* Exercise description
Each entry, in full: reproduce it exactly.

* Supplied entries
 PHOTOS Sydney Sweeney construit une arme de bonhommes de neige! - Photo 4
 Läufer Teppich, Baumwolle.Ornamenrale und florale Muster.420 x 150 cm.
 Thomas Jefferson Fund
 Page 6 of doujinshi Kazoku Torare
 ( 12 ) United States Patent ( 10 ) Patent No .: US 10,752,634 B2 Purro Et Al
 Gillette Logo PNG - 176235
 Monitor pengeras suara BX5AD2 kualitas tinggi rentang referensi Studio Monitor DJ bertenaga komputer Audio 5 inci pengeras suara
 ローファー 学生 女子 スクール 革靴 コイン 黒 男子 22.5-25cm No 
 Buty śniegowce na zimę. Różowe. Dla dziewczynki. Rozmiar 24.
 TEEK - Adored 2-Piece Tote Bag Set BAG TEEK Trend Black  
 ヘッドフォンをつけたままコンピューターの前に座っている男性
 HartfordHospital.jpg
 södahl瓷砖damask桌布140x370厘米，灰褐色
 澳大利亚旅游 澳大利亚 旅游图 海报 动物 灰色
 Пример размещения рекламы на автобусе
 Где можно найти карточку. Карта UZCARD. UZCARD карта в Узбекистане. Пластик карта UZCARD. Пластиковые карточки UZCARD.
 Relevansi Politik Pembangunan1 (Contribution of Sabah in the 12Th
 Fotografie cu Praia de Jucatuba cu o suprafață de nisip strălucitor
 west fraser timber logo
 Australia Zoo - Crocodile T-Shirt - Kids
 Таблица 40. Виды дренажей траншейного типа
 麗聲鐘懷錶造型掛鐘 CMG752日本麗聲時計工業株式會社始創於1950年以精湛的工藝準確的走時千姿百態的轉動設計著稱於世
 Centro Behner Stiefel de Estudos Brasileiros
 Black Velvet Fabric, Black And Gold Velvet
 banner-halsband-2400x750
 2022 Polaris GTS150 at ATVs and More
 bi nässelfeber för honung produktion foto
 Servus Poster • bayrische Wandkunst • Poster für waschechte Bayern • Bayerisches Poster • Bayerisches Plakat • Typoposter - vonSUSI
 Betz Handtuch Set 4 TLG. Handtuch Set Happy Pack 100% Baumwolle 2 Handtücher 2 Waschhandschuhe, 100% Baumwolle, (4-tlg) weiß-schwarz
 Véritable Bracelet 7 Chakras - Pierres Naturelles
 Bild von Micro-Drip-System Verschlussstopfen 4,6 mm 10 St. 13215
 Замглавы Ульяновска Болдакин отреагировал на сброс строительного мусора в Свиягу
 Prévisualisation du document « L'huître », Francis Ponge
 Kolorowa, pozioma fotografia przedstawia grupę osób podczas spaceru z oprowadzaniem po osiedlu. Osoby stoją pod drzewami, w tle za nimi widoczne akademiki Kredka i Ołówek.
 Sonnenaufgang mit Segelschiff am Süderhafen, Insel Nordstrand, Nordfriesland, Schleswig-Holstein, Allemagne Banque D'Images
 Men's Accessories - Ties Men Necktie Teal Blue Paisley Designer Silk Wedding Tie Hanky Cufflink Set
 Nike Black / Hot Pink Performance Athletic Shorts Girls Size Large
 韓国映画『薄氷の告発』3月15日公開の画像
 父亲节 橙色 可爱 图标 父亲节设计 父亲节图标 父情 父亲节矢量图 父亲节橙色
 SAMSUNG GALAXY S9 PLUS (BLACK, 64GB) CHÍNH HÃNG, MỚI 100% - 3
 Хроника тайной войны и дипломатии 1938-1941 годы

* Exercise solution
 PHOTOS Sydney Sweeney construit une arme de bonhommes de neige! - Photo 4
 Läufer Teppich, Baumwolle.Ornamenrale und florale Muster.420 x 150 cm.
 Thomas Jefferson Fund
 Page 6 of doujinshi Kazoku Torare
 ( 12 ) United States Patent ( 10 ) Patent No .: US 10,752,634 B2 Purro Et Al
 Gillette Logo PNG - 176235
 Monitor pengeras suara BX5AD2 kualitas tinggi rentang referensi Studio Monitor DJ bertenaga komputer Audio 5 inci pengeras suara
 ローファー 学生 女子 スクール 革靴 コイン 黒 男子 22.5-25cm No 
 Buty śniegowce na zimę. Różowe. Dla dziewczynki. Rozmiar 24.
 TEEK - Adored 2-Piece Tote Bag Set BAG TEEK Trend Black  
 ヘッドフォンをつけたままコンピューターの前に座っている男性
 HartfordHospital.jpg
 södahl瓷砖damask桌布140x370厘米，灰褐色
 澳大利亚旅游 澳大利亚 旅游图 海报 动物 灰色
 Пример размещения рекламы на автобусе
 Где можно найти карточку. Карта UZCARD. UZCARD карта в Узбекистане. Пластик карта UZCARD. Пластиковые карточки UZCARD.
 Relevansi Politik Pembangunan1 (Contribution of Sabah in the 12Th
 Fotografie cu Praia de Jucatuba cu o suprafață de nisip strălucitor
 west fraser timber logo
 Australia Zoo - Crocodile T-Shirt - Kids
 Таблица 40. Виды дренажей траншейного типа
 麗聲鐘懷錶造型掛鐘 CMG752日本麗聲時計工業株式會社始創於1950年以精湛的工藝準確的走時千姿百態的轉動設計著稱於世
 Centro Behner Stiefel de Estudos Brasileiros
 Black Velvet Fabric, Black And Gold Velvet
 banner-halsband-2400x750
 2022 Polaris GTS150 at ATVs and More
 bi nässelfeber för honung produktion foto
 Servus Poster • bayrische Wandkunst • Poster für waschechte Bayern • Bayerisches Poster • Bayerisches Plakat • Typoposter - vonSUSI
 Betz Handtuch Set 4 TLG. Handtuch Set Happy Pack 100% Baumwolle 2 Handtücher 2 Waschhandschuhe, 100% Baumwolle, (4-tlg) weiß-schwarz
 Véritable Bracelet 7 Chakras - Pierres Naturelles
 Bild von Micro-Drip-System Verschlussstopfen 4,6 mm 10 St. 13215
 Замглавы Ульяновска Болдакин отреагировал на сброс строительного мусора в Свиягу
 Prévisualisation du document « L'huître », Francis Ponge
 Kolorowa, pozioma fotografia przedstawia grupę osób podczas spaceru z oprowadzaniem po osiedlu. Osoby stoją pod drzewami, w tle za nimi widoczne akademiki Kredka i Ołówek.
 Sonnenaufgang mit Segelschiff am Süderhafen, Insel Nordstrand, Nordfriesland, Schleswig-Holstein, Allemagne Banque D'Images
 Men's Accessories - Ties Men Necktie Teal Blue Paisley Designer Silk Wedding Tie Hanky Cufflink Set
 Nike Black / Hot Pink Performance Athletic Shorts Girls Size Large
 韓国映画『薄氷の告発』3月15日公開の画像
 父亲节 橙色 可爱 图标 父亲节设计 父亲节图标 父情 父亲节矢量图 父亲节橙色
 SAMSUNG GALAXY S9 PLUS (BLACK, 64GB) CHÍNH HÃNG, MỚI 100% - 3
 Хроника тайной войны и дипломатии 1938-1941 годы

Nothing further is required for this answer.